The listing is to be transcribed in full, with its images left out.

→ **Data section**:
------------
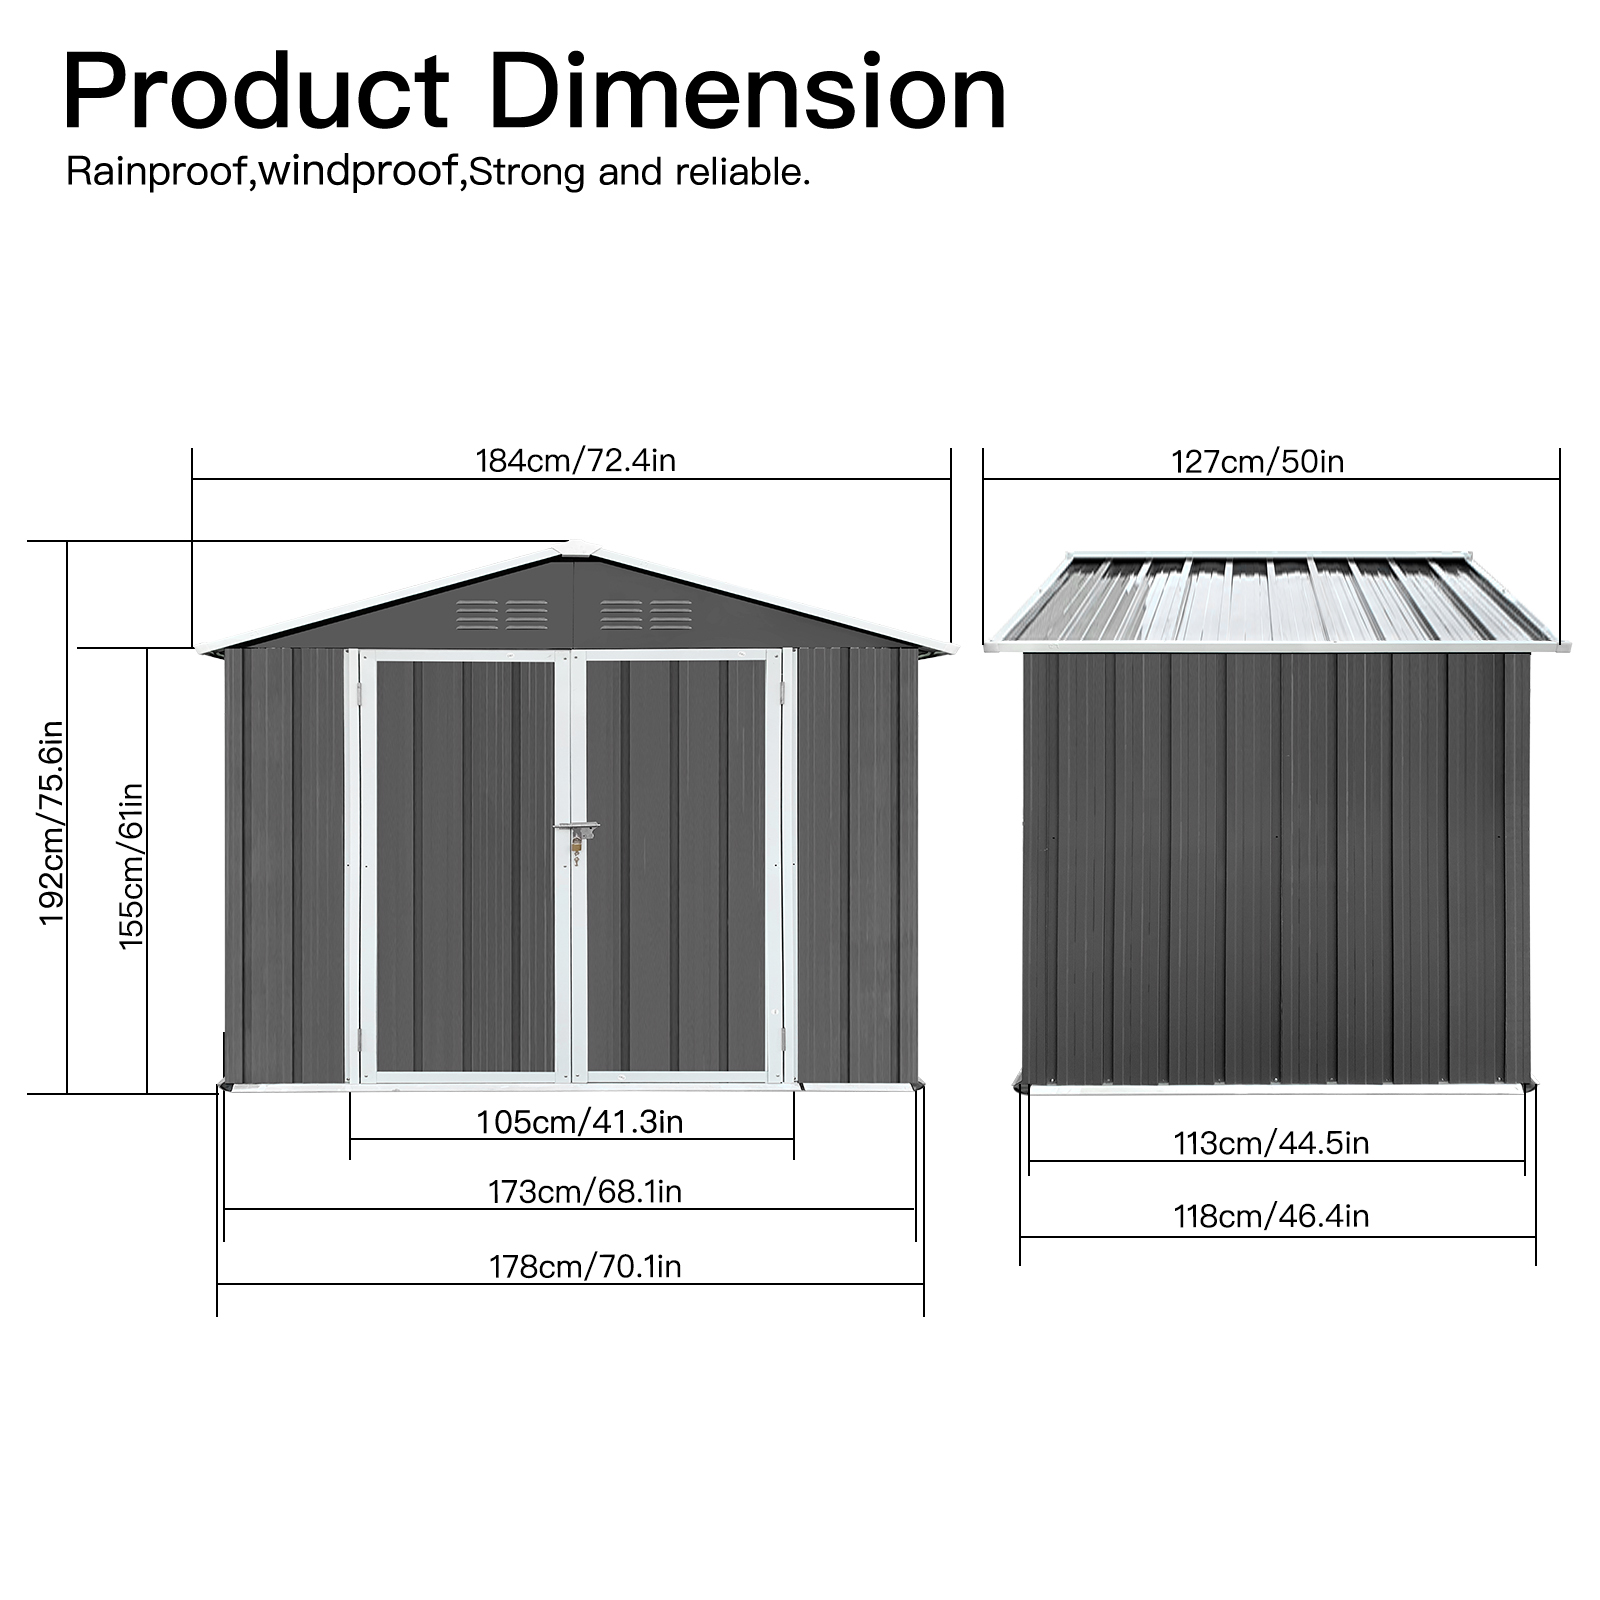 6' x 4' Outdoor Metal Storage Shed, Tools Storage Shed, Galvanized Steel Garden Shed with Lockable Doors, Outdoor Storage Shed for Backyard, Patio, Lawn, D8311 - image 5 of 9
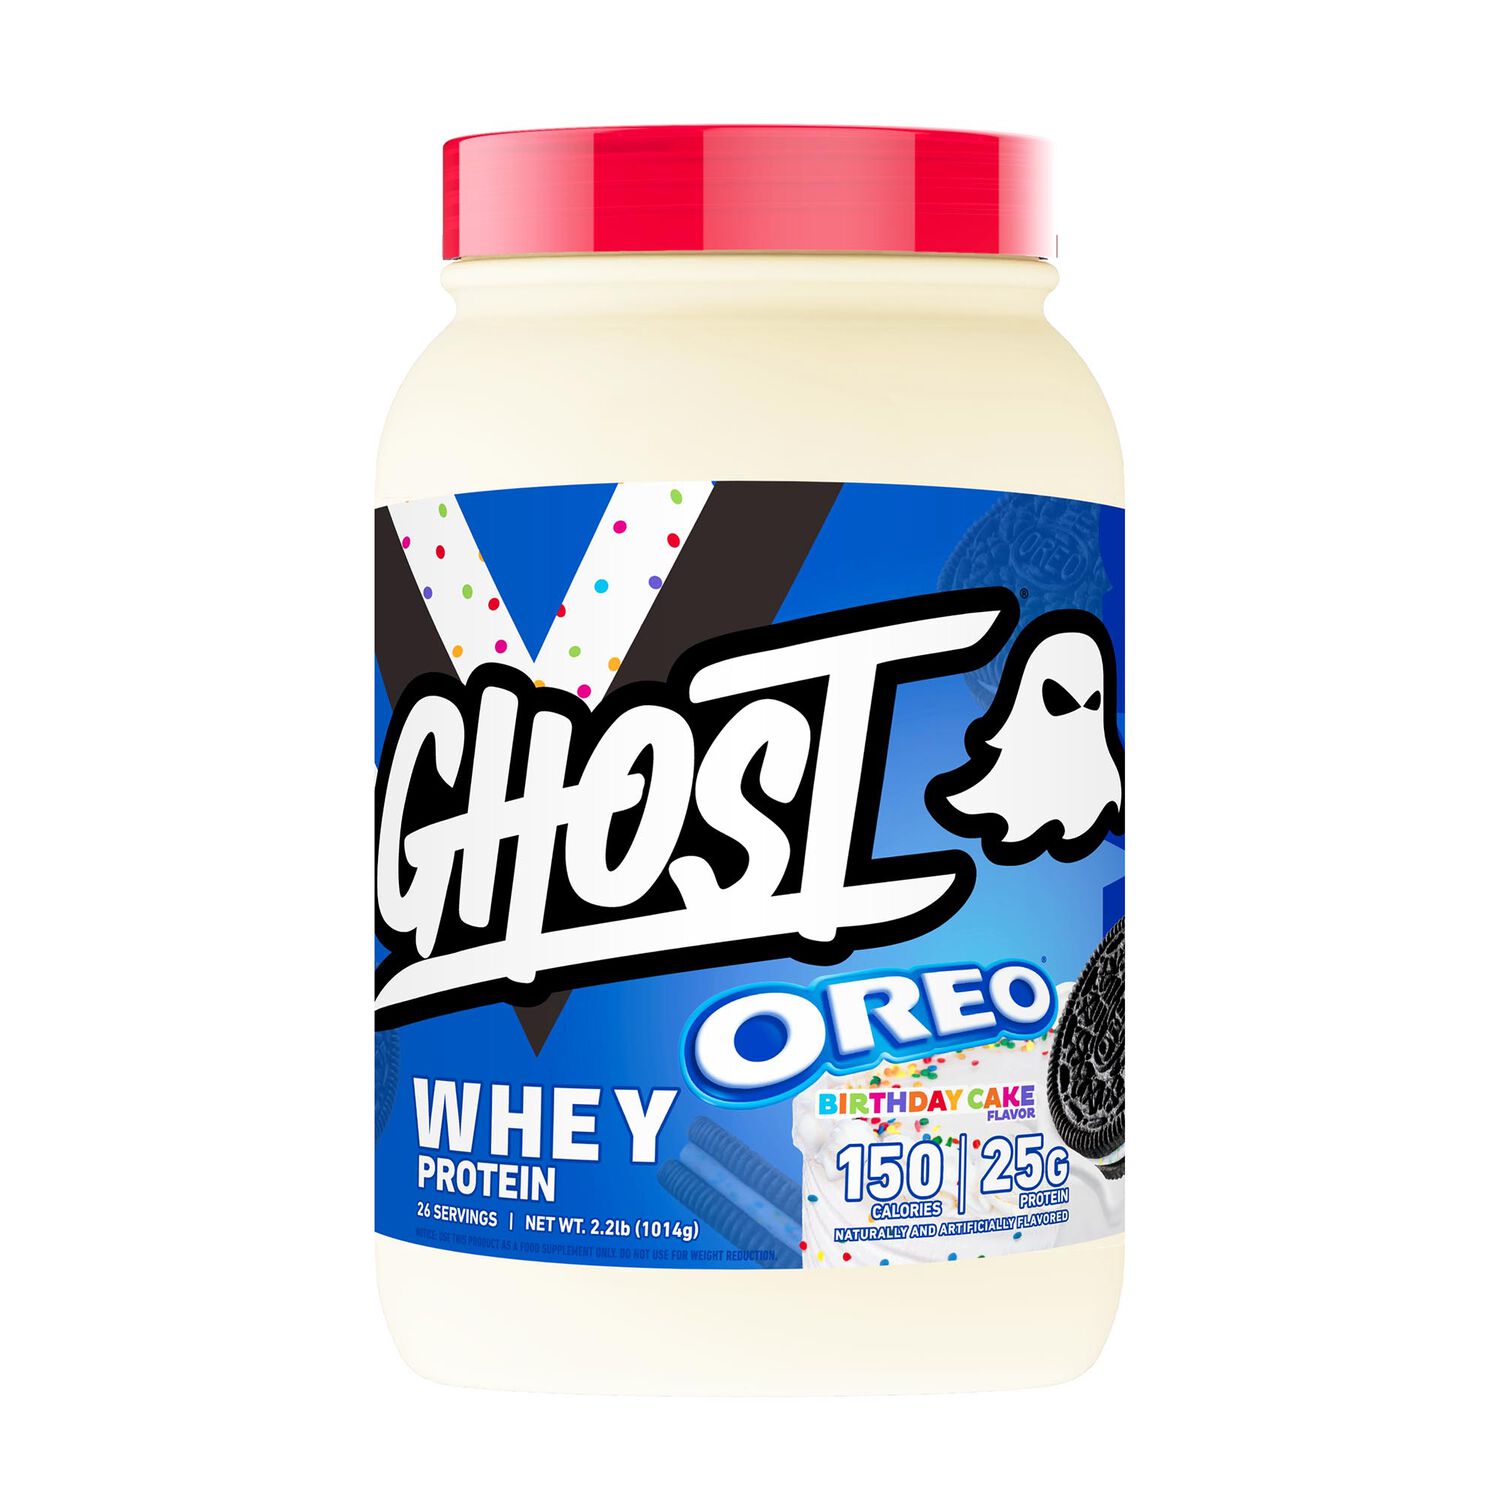 Ghost Lifestyle Whey Protein x Oreo Birthday Cake-The Supplement Haven
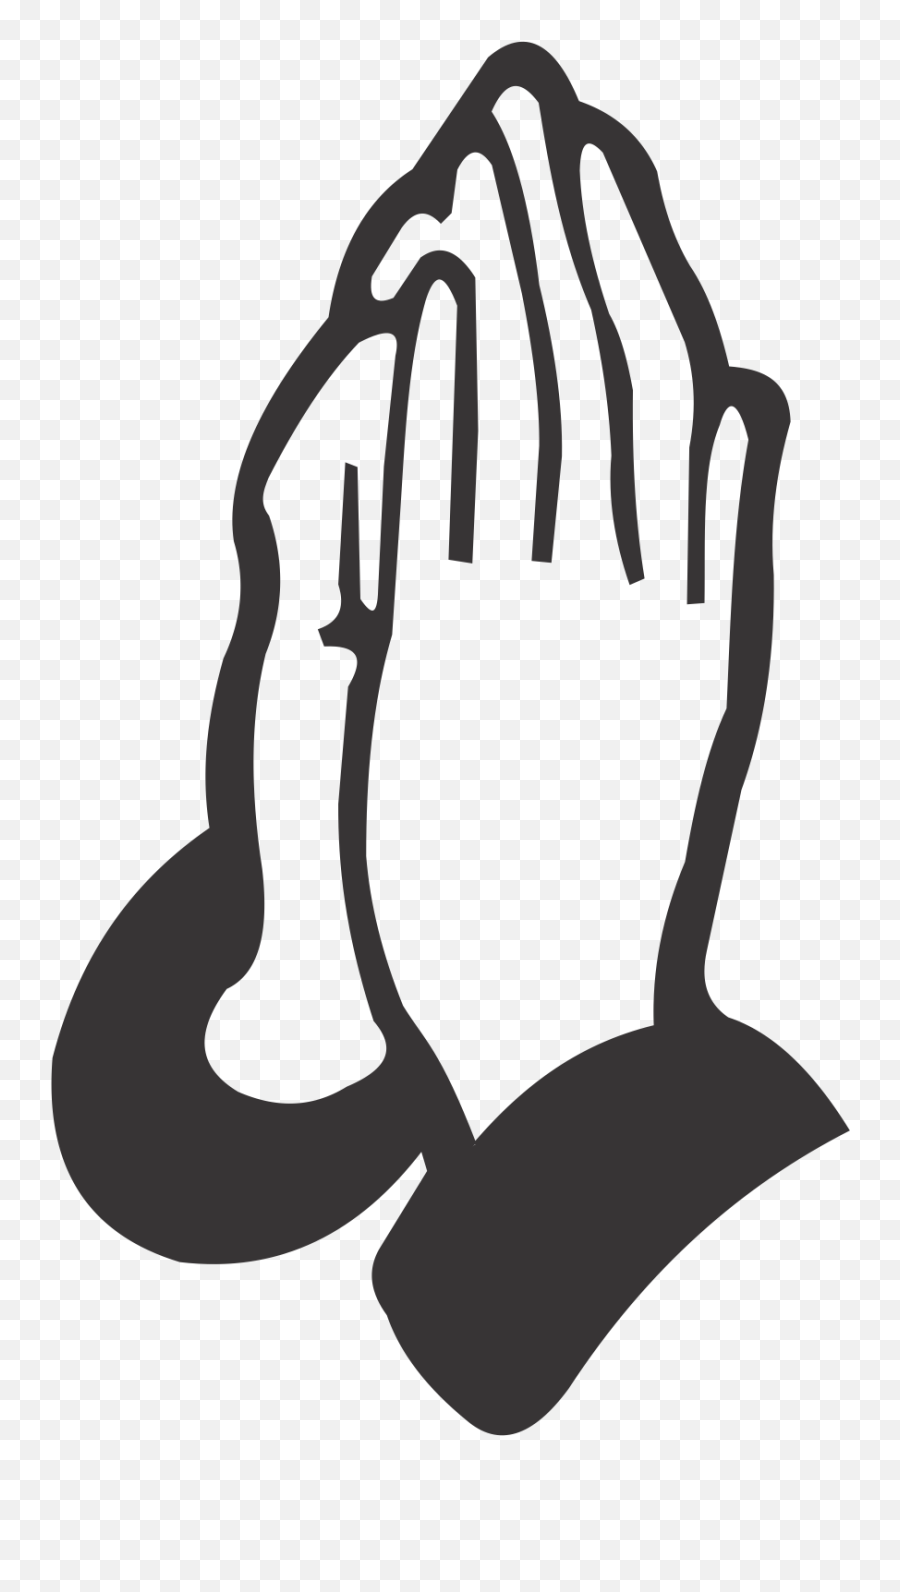 Prayer Hands Png Images - 6000 Vectors Stock Photos U0026 Psd Png Praying Hands Clipart Black And White Emoji,Prayer Hands Emoticon Windows
------------
→ **The answer**:
 6' x 4' Outdoor Metal Storage Shed, Tools Storage Shed, Galvanized Steel Garden Shed with Lockable Doors, Outdoor Storage Shed for Backyard, Patio, Lawn, D8311 - image 5 of 9
 Ghost Lifestyle Whey Protein x Oreo Birthday Cake-The Supplement Haven
 Prayer Hands Png Images - 6000 Vectors Stock Photos U0026 Psd Png Praying Hands Clipart Black And White Emoji,Prayer Hands Emoticon Windows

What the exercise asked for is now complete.